Thursday, 19 May 2016

Why I still do not care one bit for the Netherlands

For the past few days I had my mother and brothers visiting me here in Germany. I guess it was both a weird experience to speak so much Dutch again, and also very normal. It also made me aware of just how much I have been trying to forget about the Netherlands.

Over here in Germany I have been trying to rebuild my life, starting off with almost zero possessions and zero money just a few years ago. I have been painfully aware of just how traumatic my life back in the Netherlands has been.

Aside from the brief interlude of my youth, the confusion and loneliness of trying to understand who I was led up to figuring out that I was intersexed. Instead of a solution and end of confusion the next decade would bring only pain and suffering. From psychological to physical and sexual abuse, psychologists, doctors and others all seemed to conspire against me to make my life a living hell.

This all against the uselessness of the Dutch legal system which failed to protect me when it should have, or understand the plight of intersex and similar minorities. I'm still frankly amazed that I got my official gender changed, even if it was all thanks to German medical results.

While my time here in Germany hasn't been and still isn't easy, it's laughably easy compared to the horror that were the past two decades or so in the Netherlands. I have nothing to thank the Netherlands for. It didn't shelter or protect me. It wasn't there when I needed it the most. Its people may not be mean-spirited, but I can feel nothing but bitter hatred for the country as a whole.

All the help I received inside the Netherlands and outside ultimately only led me to the inevitable conclusion that I had to somehow escape.

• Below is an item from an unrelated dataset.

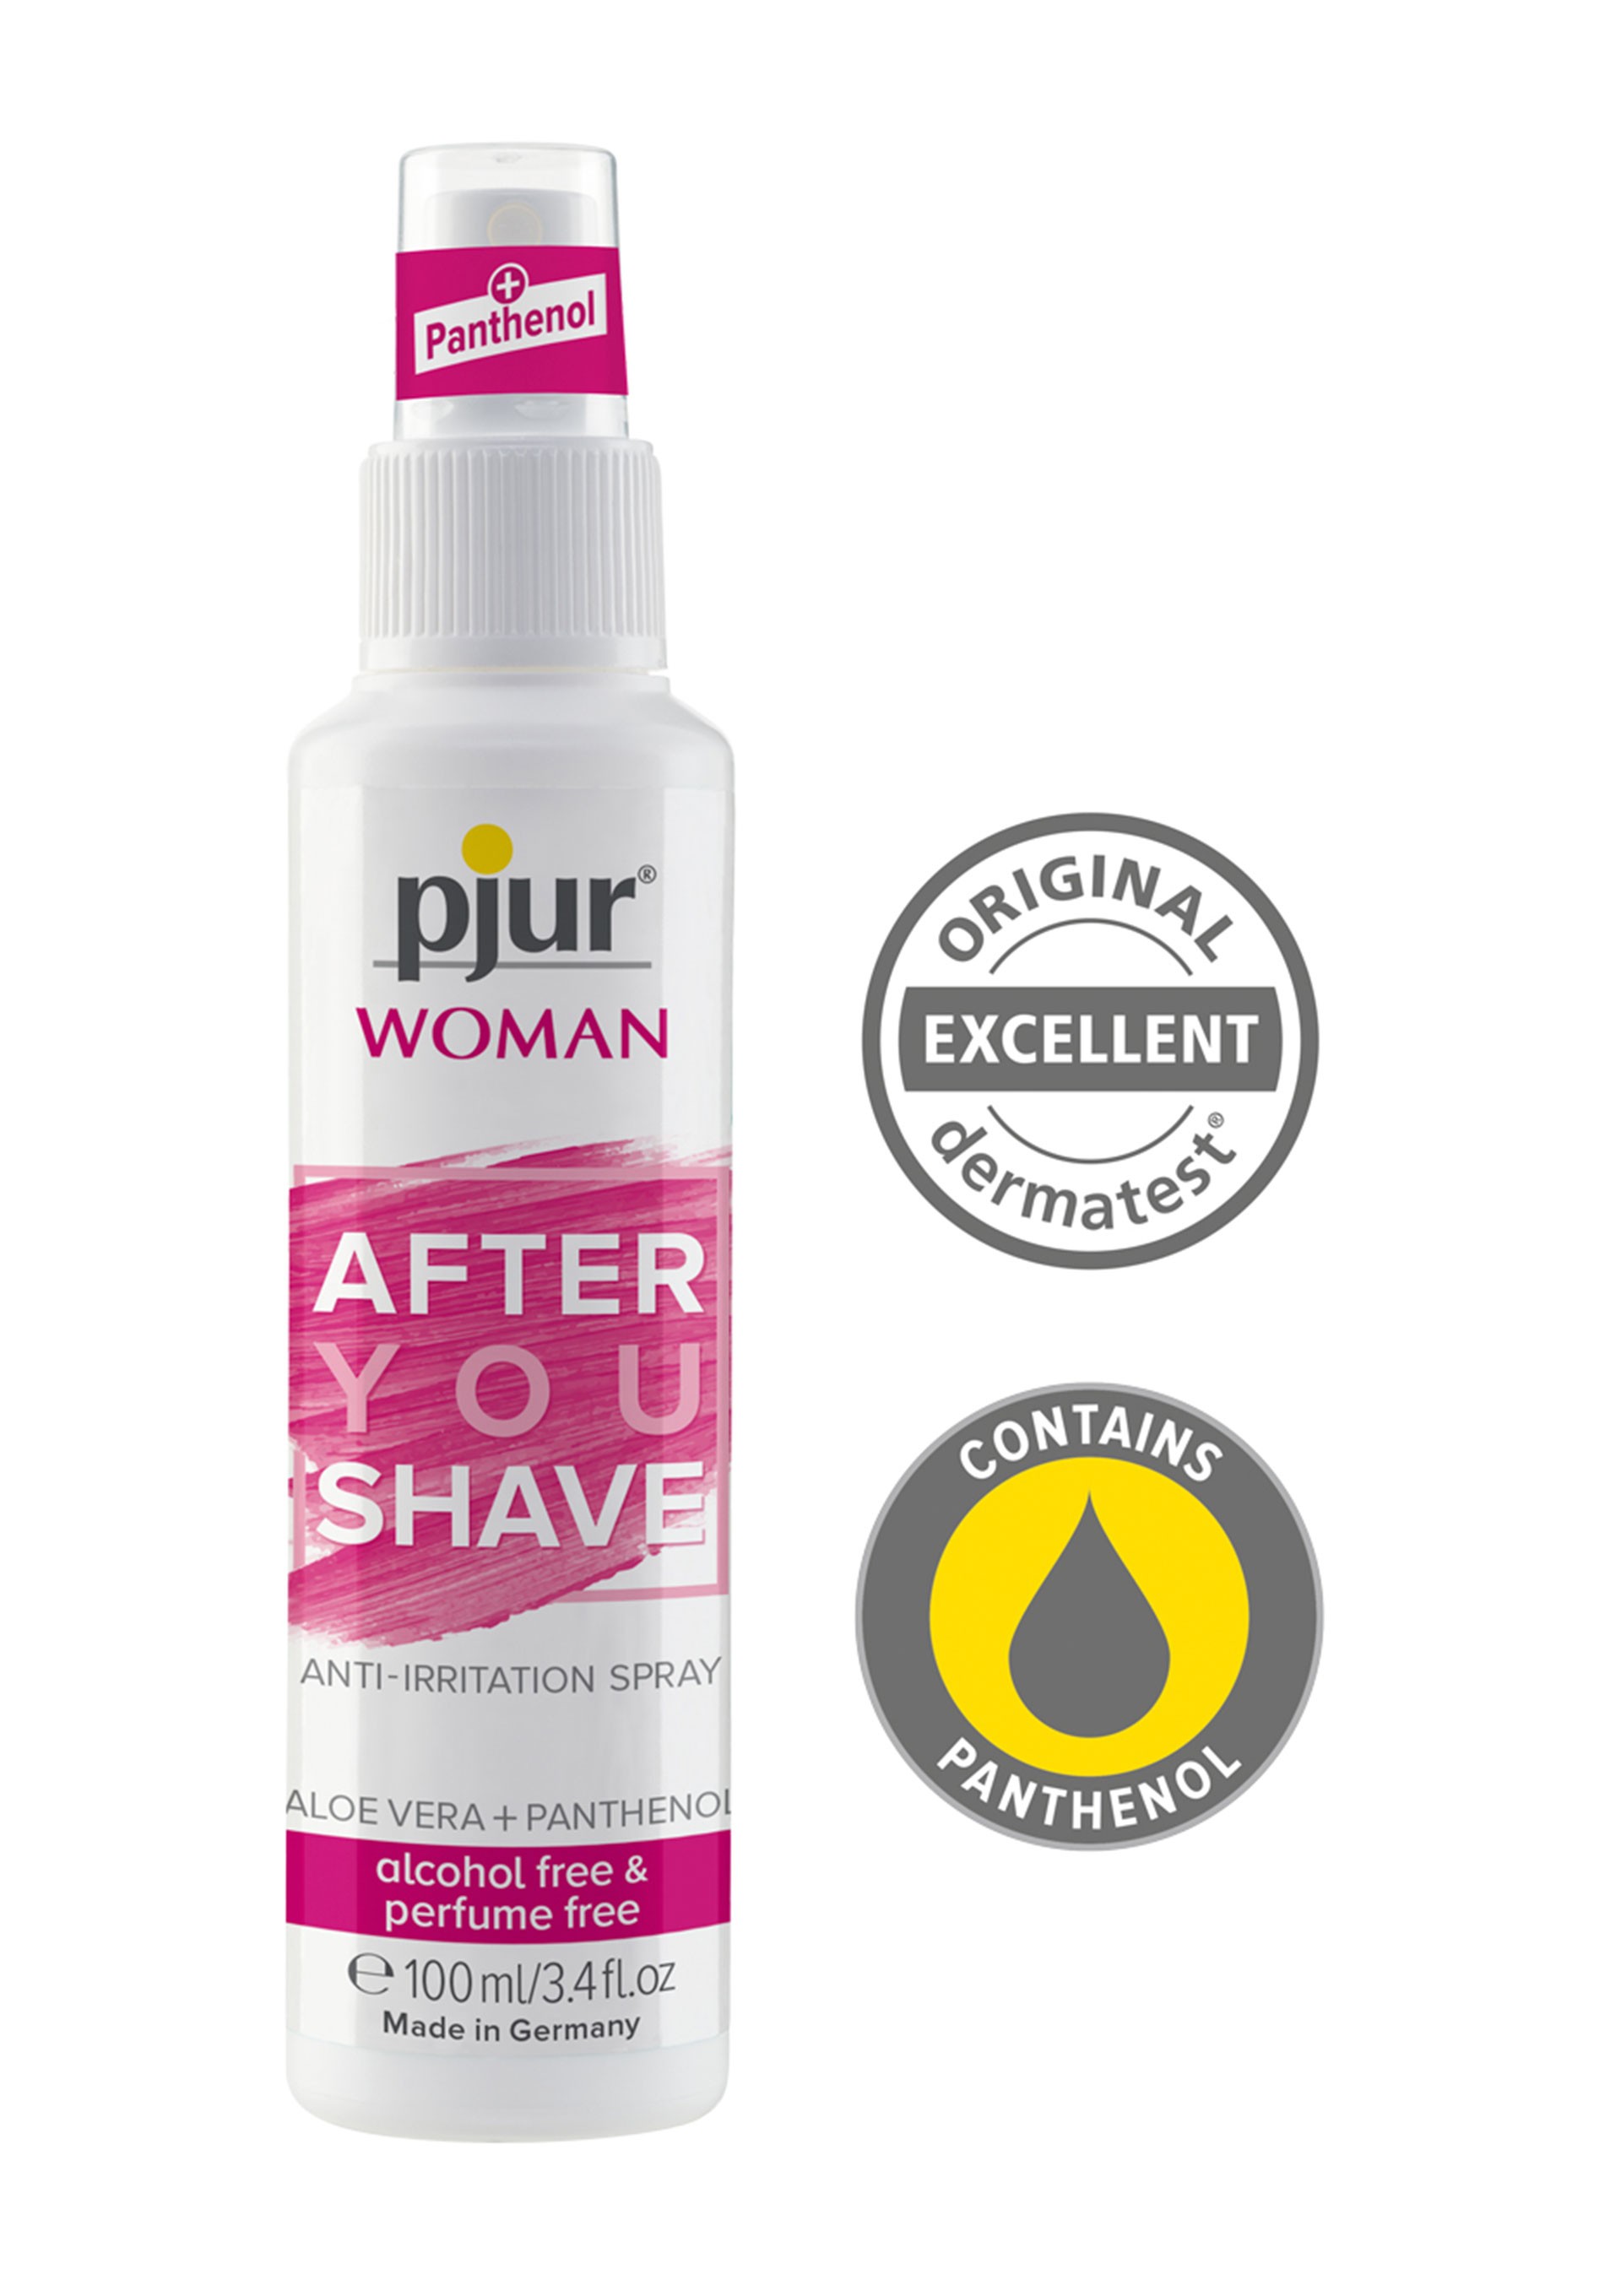 Pjur Woman After Shave Spray 100 ml Kayganlaştırıcı Jel

Even though I did escape, I clearly did not escape the traumas these experiences left me with. How to trust people again? How to like and love oneself? How to not view life as an endless treadmill of misery and pain until one's inevitable death? My experiences in my country of birth never taught me any of that.

It just taught me how to survive. How to be mean, how to bite back, hide, deaden one's emotions, suppress memories and feelings, and accept being just an unworthy scrap of life in a cold, uncaring society. Thanks to this I still cannot ask for help, nor do I expect that anyone will help me. I expect betrayal and a cold shoulder. To me that's all normal. Just the way life works.

Thus I left. Thus I won't ever go back or forgive the Netherlands for what it did to me. Thus I keep hoping that maybe things can be different as well. That maybe I can be different.